# Shopping for a Shop Vac Questions



## sailmike (Jun 7, 2011)

I'm a beginning woodworker hobbyist looking for a shop vac. From the little research I've done it seems I just need one with a CFM of 90 or higher. That brought me to the Craftsman XSP 12 gallon. It looks like I should get a HEPA filter and collection bag for it. My question is, will the filter and collection bag lower the CFM enough to worry me?

Thanks,
Mike


----------



## epicfail48 (Mar 27, 2014)

I'm the collection bag is a little overkill. They make emptying the vac a little easier, but really with a hepa filter I doubt there would be much benefit. The only thing I could really see the bag being handy for would be if youre sanding something like drywall that'd plug the filter


----------



## Jim Frye (Aug 24, 2016)

I chose a ShopVac Industrial 12 gallon model. It was rated at 95 cfm and has a tool triggered function. I use CleanStream pleated filters in it. The tool triggered outlet is good for tools up to 12 amps. I have two filters so I can swap them when I empty the tank. I have a separate tool triggered extension cord for tools that draw more than the limit of the vac. This vac is the dust collection device in my shop and every tool can connect to it with one of the three hoses I have (1", 1 1/4", & 2 1/2"). It will handle my 13" planer with ease. I use drywall bags in it for drywall finishing, but that's all. It's nearly 15 years old now and works great, just rather noisy. 

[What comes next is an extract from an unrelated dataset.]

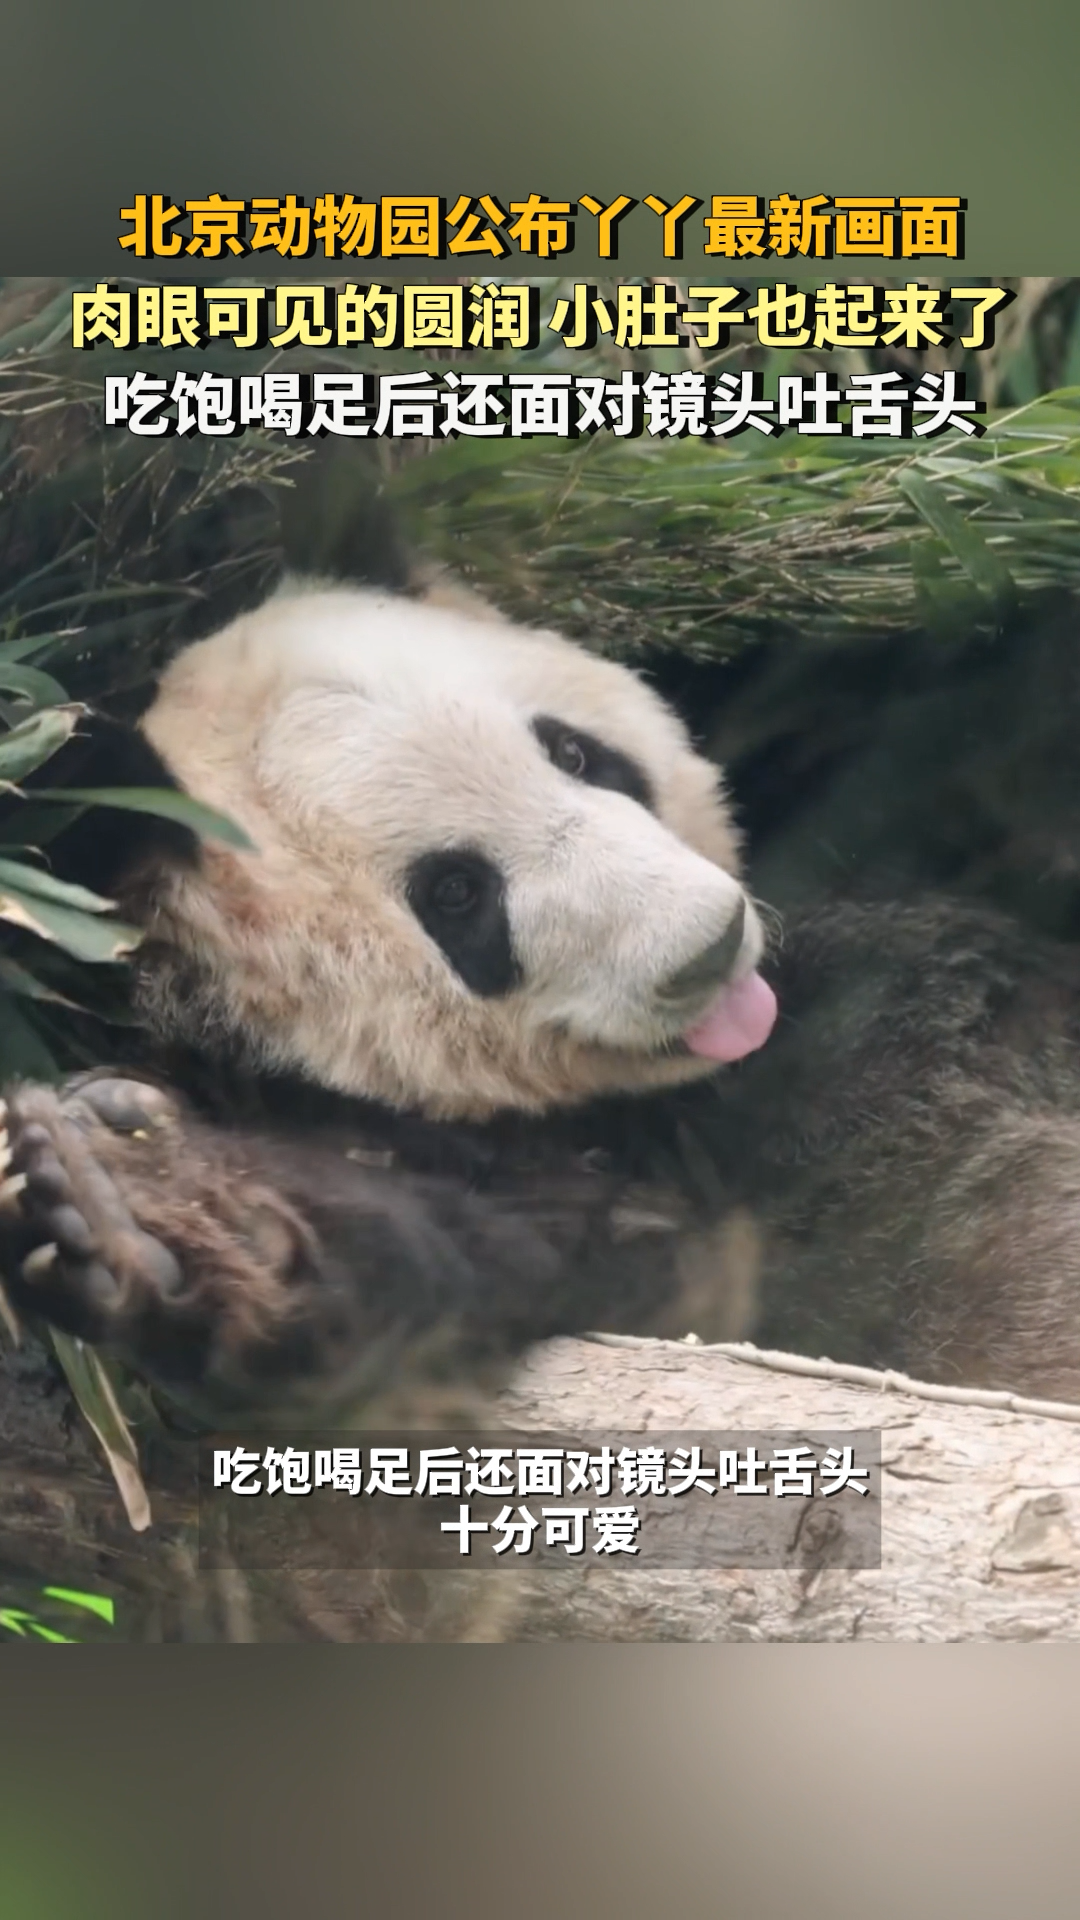 北京动物园公布丫丫最新画面,肉眼可见的圆润肚子也起来了

http://www.woodworkingtalk.com/memb...op-tools/42457-tool-triggered-extension-cord/


----------



## Steve Neul (Sep 2, 2011)

90 cfm is pretty low for a shop vac. That is about the range of a house vacuum. With low vacuum pressure you could easily get chips plugging your hose to have to contend with. I don't think I would get one lower than 150 cfm. The collection bag and filter won't affect it at first but if the filter isn't kept clean will reduce the cfm.


----------



## Toolman50 (Mar 22, 2015)

I gave my son my 20 year old Craftsman vacuum and replaced it with a new Shop Vac Industrial (stainless can). It's not near the vacuum my old Craftsman was. I'd almost trade vacs back. 
After 3 shop type vacs over the years, here's my recommendation: 
Buy a vacuum with a plastic tub over a metal tub. (Metal dents plastic doesn't). 
Make sure you get all the attachments 
Make sure your vacuum is on rollers. 
Check the length of the hose, they are not all the same.


----------



## Jim Frye (Aug 24, 2016)

OK, Steve's post made me second guess my post. I went down and looked up the OMs for my ShopVac. The new one I referenced is 175 cfm. Turns out the old one was 95 cfm. It died 15 years ago, but my feeble brain let me down (again). My apologies for the incorrect information.


----------



## Carl10 (Feb 3, 2017)

I went with a 4 or 6 gallon (can't remember) because I want a dust deputy emptying into a collection can and the larger vacuum canisters make the whole assembly larger. I found someone (there are a few) on eBay who sell open box and slightly used for about 1/2 price. I got a Rigid 6HP 4 gallon (open box) for $50. Since most of my collection is coming out of the dust deputy that is where the larger container will be. Once I get this together on a cart I will not have to clean or change the filter much at all.

Of course if you don't use the dust deputy you can still find great deals on vacuums on eBay! (I will try and find the link to the person I bought from when I get home.)

Hope this helps.

Carl


----------